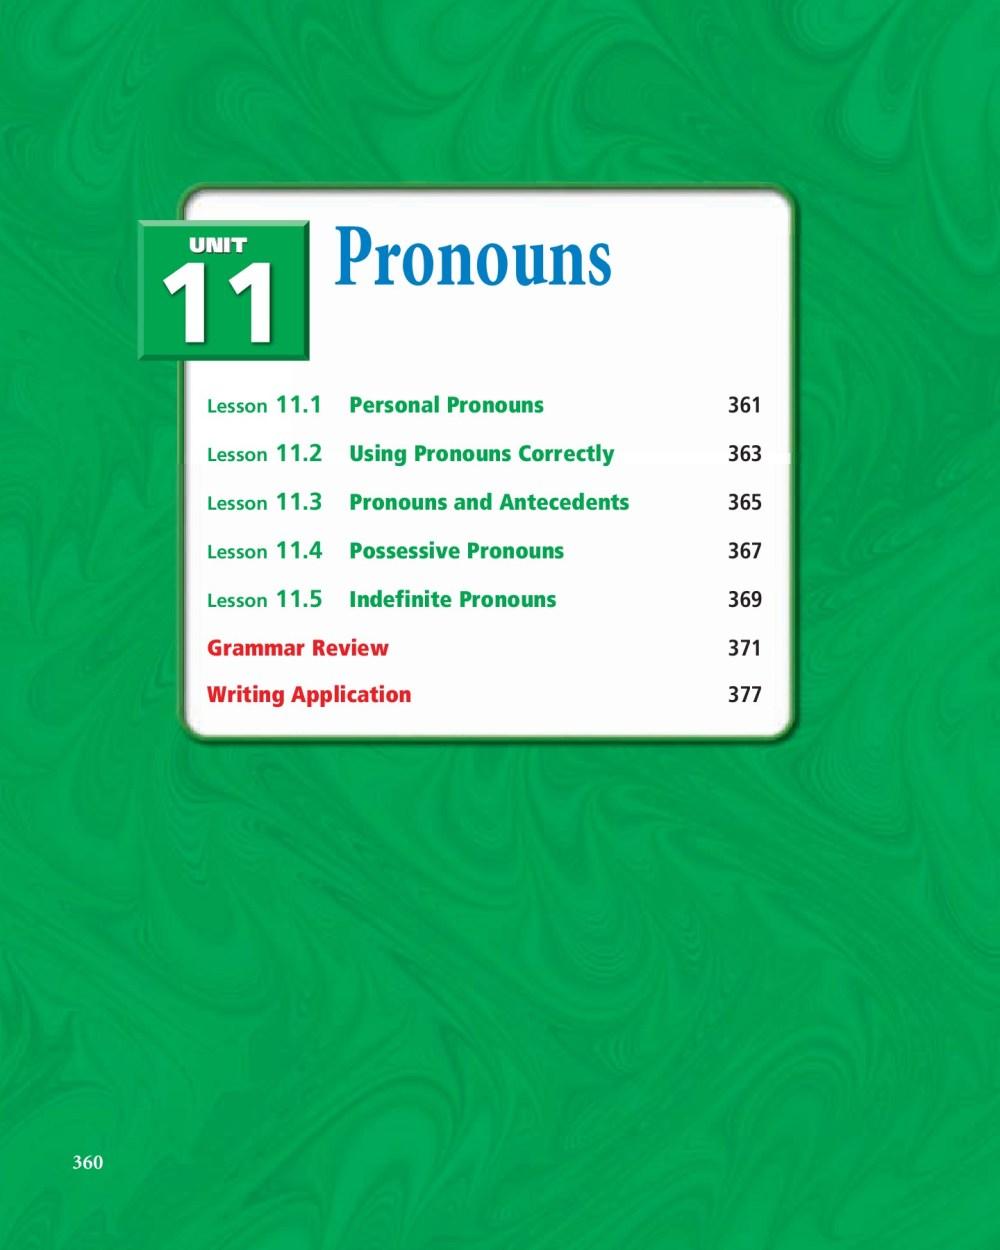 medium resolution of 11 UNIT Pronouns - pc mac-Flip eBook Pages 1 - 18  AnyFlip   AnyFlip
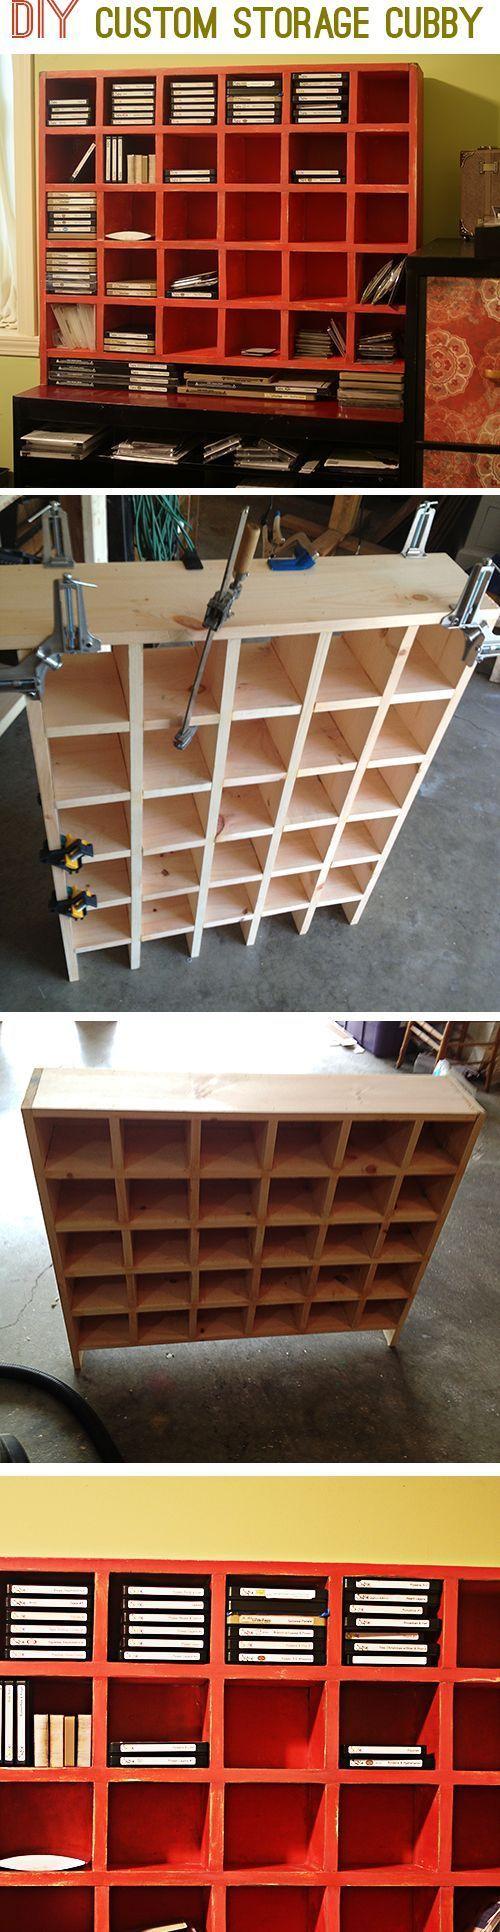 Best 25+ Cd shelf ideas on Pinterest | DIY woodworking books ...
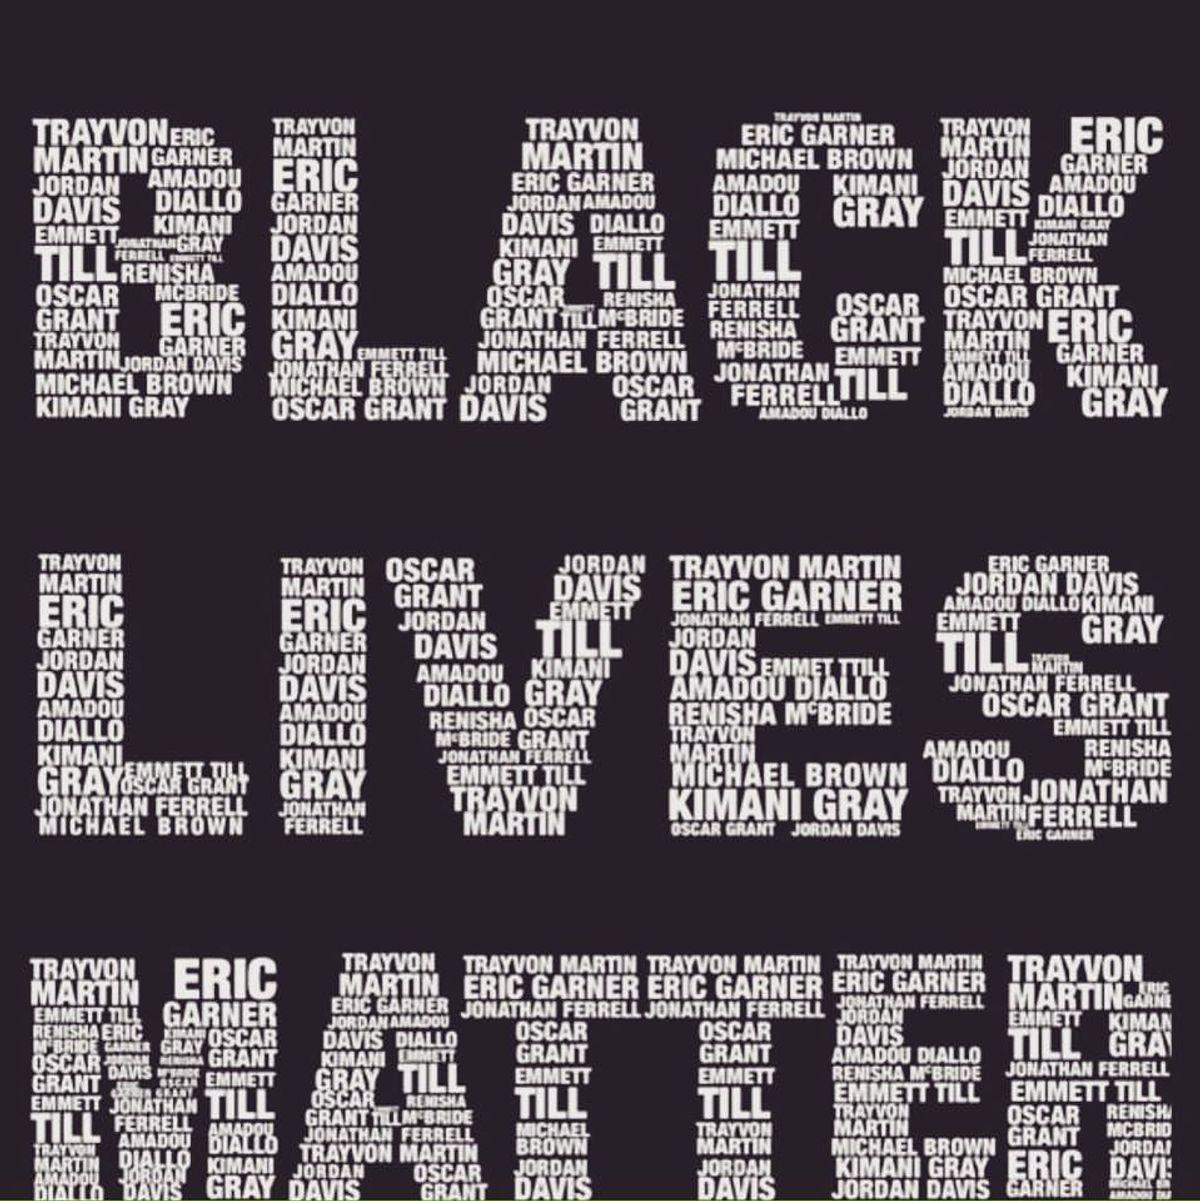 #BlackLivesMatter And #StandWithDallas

══════════════════════════════

### WORK REQUEST
Could you restate the material word for word, skipping any pictures it holds?

### RESULT OF THIS EXERCISE
 medium resolution of 11 UNIT Pronouns - pc mac-Flip eBook Pages 1 - 18  AnyFlip   AnyFlip
 Best 25+ Cd shelf ideas on Pinterest | DIY woodworking books ...
 #BlackLivesMatter And #StandWithDallas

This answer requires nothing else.